Who Should Listen, Who Should Skip
Security professionals who design, manage, or oversee awareness training programs will find this the most useful book they can invest time in for that specific function. CISOs building a security culture program from scratch, GRC analysts developing training curricula, and anyone responsible for measuring and improving human security behaviors will find the framework here immediately applicable.
Technical security practitioners who have no training or culture-change responsibilities will find the book interesting but less directly useful. The same is true for people approaching the security awareness problem from a purely compliance angle, Carpenter is explicitly challenging the compliance-first model, so listeners who need to defend that model will find this book more argumentative than they might prefer. Those who have already done extensive reading in behavioral economics and communication theory will find some familiar ground in the early chapters.
Frequently Asked Questions
Does this book require a background in behavioral science, or is it accessible to security professionals without that background?
Accessible to security professionals without a behavioral science background. Carpenter introduces the relevant concepts from communication theory, behavioral economics, and organizational psychology in context, explaining their relevance to security training as he applies them. Readers who already have a behavioral science background will find some familiar ground but will benefit from the security-specific application.
How important is the PDF companion that comes with the Audible version?
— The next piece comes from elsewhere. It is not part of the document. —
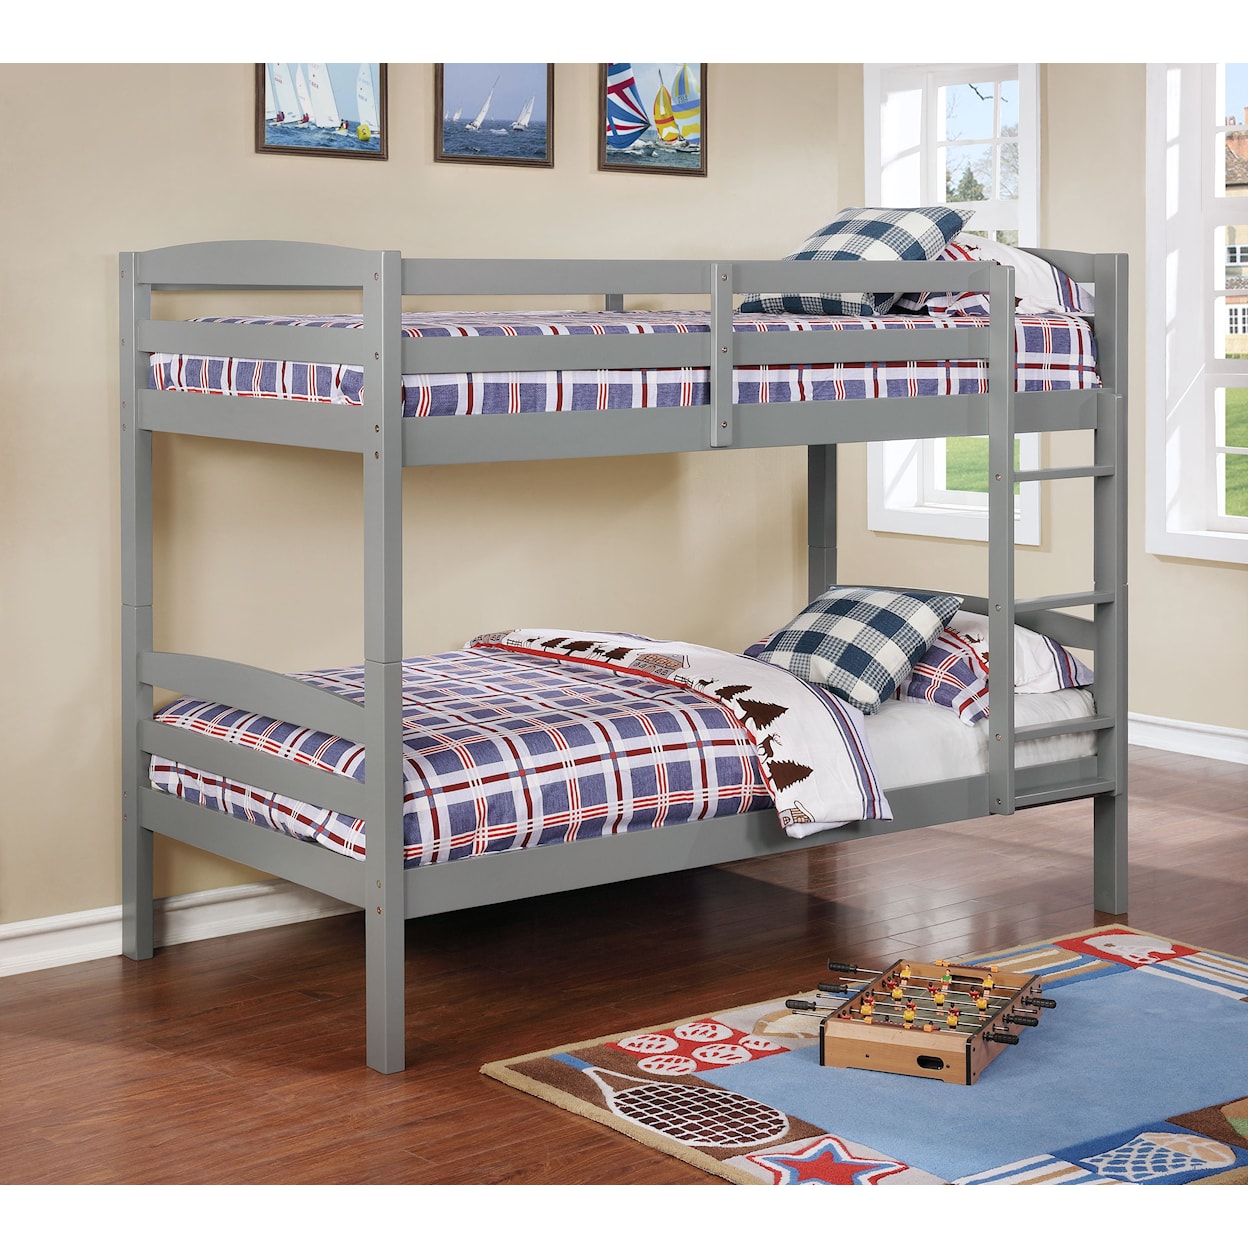 Alex's Furniture B801G Twin Bunk Bed

Fairly important for the training design framework sections. Several of Carpenter’s conceptual models are presented with diagrams that the narration references but cannot fully convey in audio form. Download the PDF from your Audible library and have it available for the chapters on awareness program design and measurement.
Is this useful for someone building a security awareness program from scratch, or is it better suited to improving existing programs?
Both. The book covers foundational principles that are as useful for program creation as for program improvement. The framework it builds applies regardless of how mature your existing program is, and the behavioral science grounding means the guidance is principle-based rather than prescriptive, which makes it applicable to a wide range of organizational contexts.
How does Stephen Bel Davies handle a 12-hour book covering multiple academic disciplines?
Very well. Davies is an experienced narrator who manages the book’s range from academic citation to practical guidance to organizational culture storytelling without the register shifts feeling jarring. The pacing is consistent and the 12-hour runtime does not feel punishing. This is one of the better narrator-material pairings in the security awareness space.